Submitted to: Journal of Biological Chemistry
Publication Type: Peer reviewed journal
Publication Acceptance Date: 3/14/2005
Publication Date: 4/1/2005
Citation: Linke, T.N., Dawson, H.D., Harrison, E.H. 2005. Microsomal acid retinyl ester hydrolase isolation, characterization, substrate and tissue specificity. Journal of Biological Chemistry. 280:23287-23294. Interpretive Summary: We are studying the liver enzymes that hydrolyze retinyl esters, the form in which newly absorbed dietary vitamin A is delivered to the liver. These enzymes (retinyl ester hydrolases or REHs) are important in both the uptake of dietary vitamin A by the liver and in the mobilization of stored vitamin A from the liver when dietary input is inadequate to meet the body's need for this essential nutrient. Although a number of liver enzymes can catalyze the hydrolysis of vitamin A esters, the identity and the physiological role of these enzymes is unclear. The aim of our research is to expand our knowledge in this important area of vitamin A biology. In the study reported here, we have isolated and characterized an acid retinyl ester hydrolase that is likely to involved in the initial uptake and storage of dietary vitamin A in liver. We have identified this protein as rat liver carboxylesterase ES-10. We have also demonstrated in this report that this protein is highly expressed in liver on both the gene and protein level. This work will enhance our understanding of vitamin A metabolism in humans and will benefit other research scientist and human nutritionists interested in vitamin A research.

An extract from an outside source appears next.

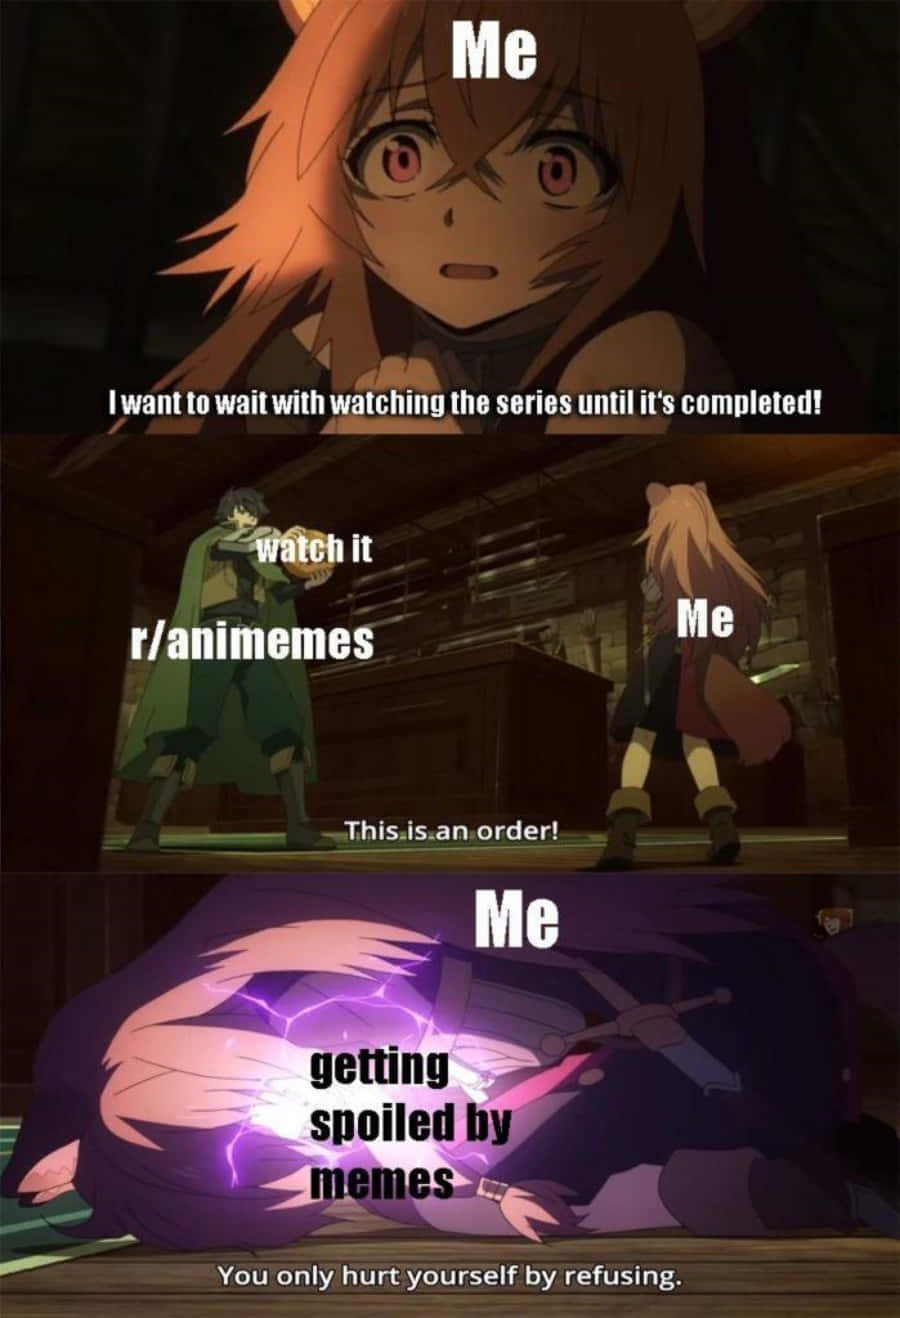 Anime pfp go away, /r/memes

Technical Abstract: Previous work in this laboratory demonstrated the presence of both acid and neutral, bile salt-independent retinyl ester hydrolase activities in rat liver homogenates. Here we present the purification, identification and characterization of an acid retinyl ester hydrolase activity from solubilized rat liver microsomes. Purification to apparent homogeneity was achieved by sequential chromatography using SP-Sepharose cation exchange, Phenyl-Sepharose hydrophobic interaction, Concanavalin A-Sepharose affinity and Superose 12 gel filtration chromatography. The isolated protein had a monomer molecular weight of approximately 62 kDa, as measured by mass spectrometry. Analytical gel filtration chromatography of the purified protein revealed a native molecular weight of approximately 172 kDa, indicating that the protein exists as a homotrimeric complex in solution. The purified protein was identified as carboxylesterase ES-10 (EC 220.127.116.11) by N-terminal Edman sequencing and extensive LC-MS/MS sequence analysis and cross reaction with an anti ES-10 antibody. Glycosylation analysis revealed that only one of two potential N-linked glycosylation sites is occupied by a high mannose-type carbohydrate structure. Using retinyl palmitate in a micellar assay system the enzyme was active over a broad pH range and displayed Michaelis-Menten kinetics with a Km of 86 'M. Substrate specificity studies showed that ES-10 is highly active toward retinyl palmitate, and is also able to catalyze hydrolysis of triolein to a minor degree. Cholesteryl oleate was not a substrate for ES-10 under these assay conditions. Real time RT-PCR and Western blot analysis revealed that ES-10 is highly expressed in liver and lung. Lower levels of ES-10 mRNA were also found in kidney, testis and heart. A comparison of mRNA expression levels in liver demonstrated that ES-10, ES-4 and ES-3 were expressed at a significantly higher level than ES-2, an enzyme previously thought to play a major role in retinyl ester metabolism in liver. Taken together these data indicate that carboxylesterase ES-10 plays a major role in the hydrolysis of newly-endocytosed, chylomicron retinyl esters in both neutral and acidic membrane compartments of liver cells, and may play a role in retinyl ester hydrolysis in other tissues as well.